The report also described confusion at congressional hearings about who will be performing the work. In a recent Senate hearing, McMahon told lawmakers that, in the case of an agreement with the Labor Department, “it is the same people from the Department of Education that are at the Department of Labor. … It’s dealing with the same people that you’ve known at the Department of Education that are located somewhere else.” Sen. Tammy Baldwin said she was “incredulous” by what she viewed as sending Education Department employees to administer similar programs from other agencies.

NPR also spoke with another former FSA staffer who said they were laid off last year and did not want to be identified because they are applying for one of the new jobs. The former employee said they want to work again. “We just want our jobs. We took an oath to serve the public, and that’s what we want to do.”

The former employee said the current hiring process differs from last year’s layoffs-era experience, including questions about applicants’ commitment to the Constitution and improving government efficiency. They said one question has already led to a lawsuit, asking: “How would you help advance the President’s Executive Orders and policy priorities in this role?” The former staffer said, “I feel as though they want you to show loyalty to this administration.”

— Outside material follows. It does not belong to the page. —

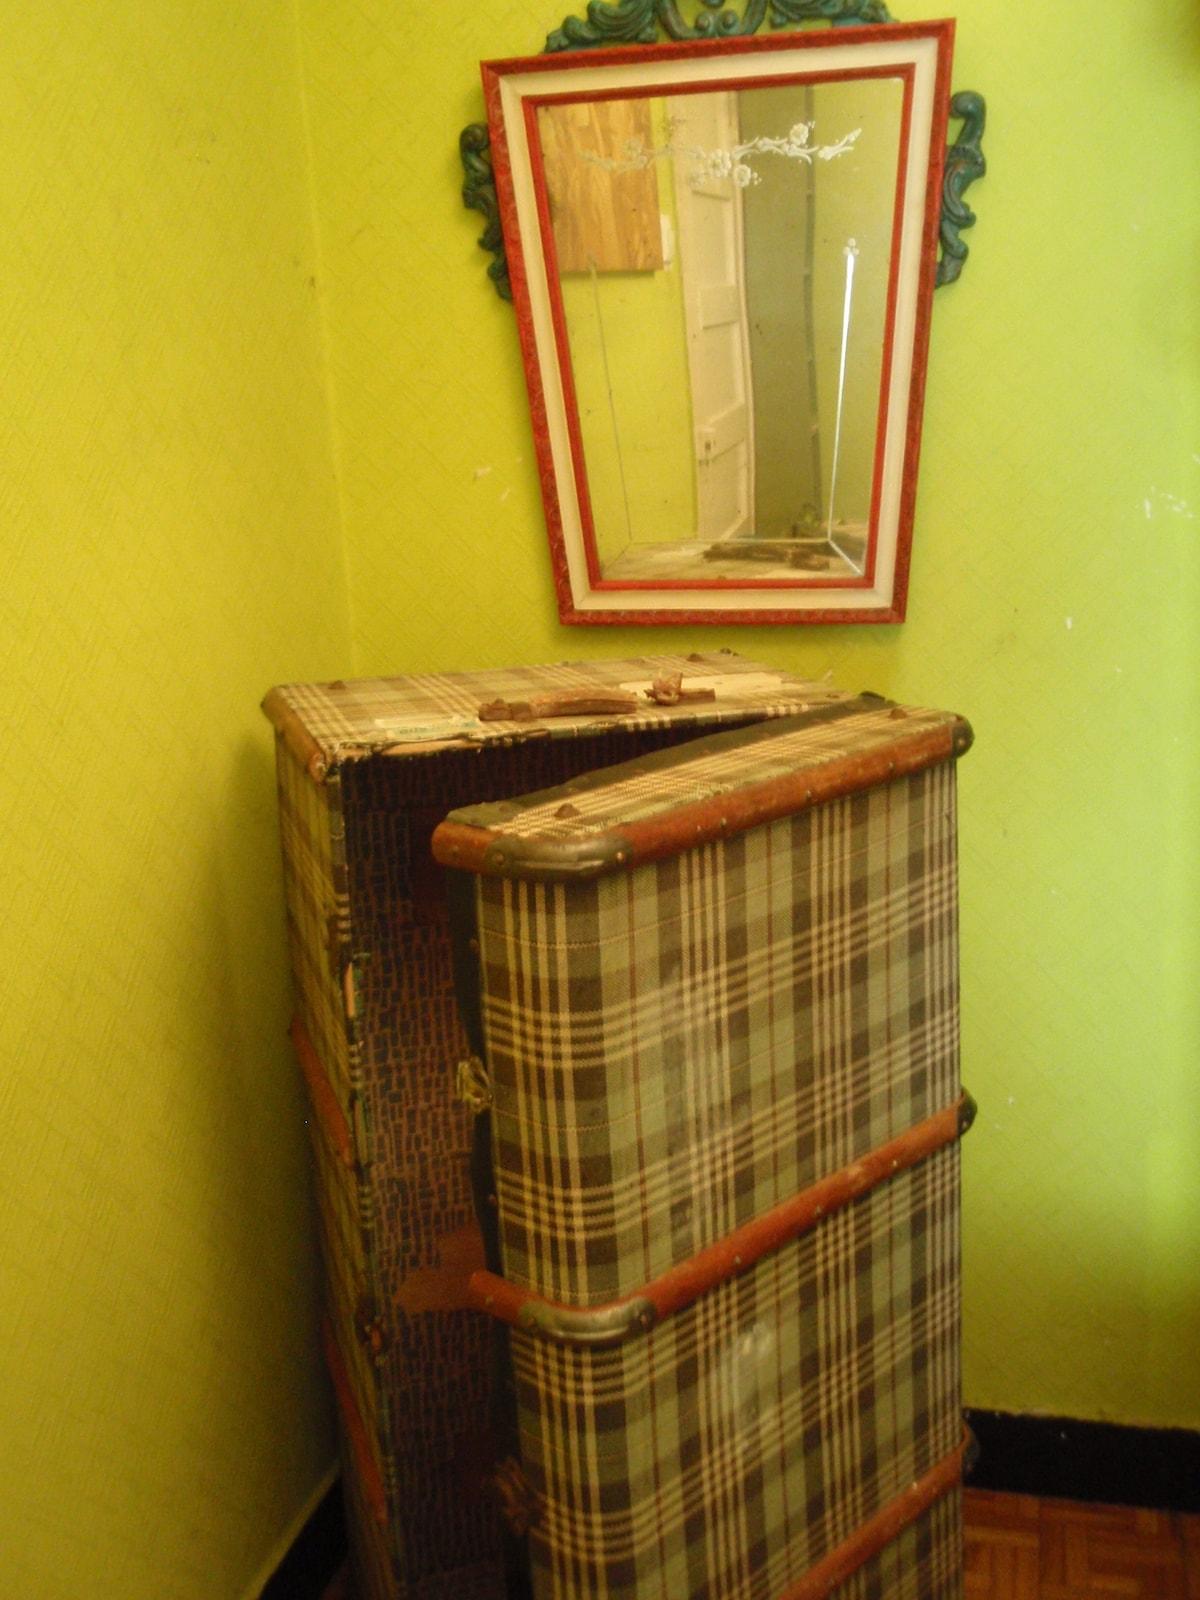 Baúl trans-oceánico, reconvertido en armario para el viajero y espejo veneciano antiguo.

While the documents indicate FSA is expanding staffing levels, the report said it remains unclear what recruiting, hiring and training those employees will cost. It also pointed to other work that was slowed after prior cuts, including an investigation by the nonpartisan U.S. Government Accountability Office that found FSA stopped reviewing the accuracy of loan servicers’ records and recordings of borrower calls before the reduction in force. The report also cited GAO investigations involving other parts of the department, including the Office for Civil Rights, where cuts were described as stalling civil-rights complaint processing before being reversed.

The episode underscores a central tension in federal operations: while officials describe broad structural changes meant to redistribute responsibilities, FSA’s internal plans show continued reliance on the same administrative workforce to keep the student-loan system functioning.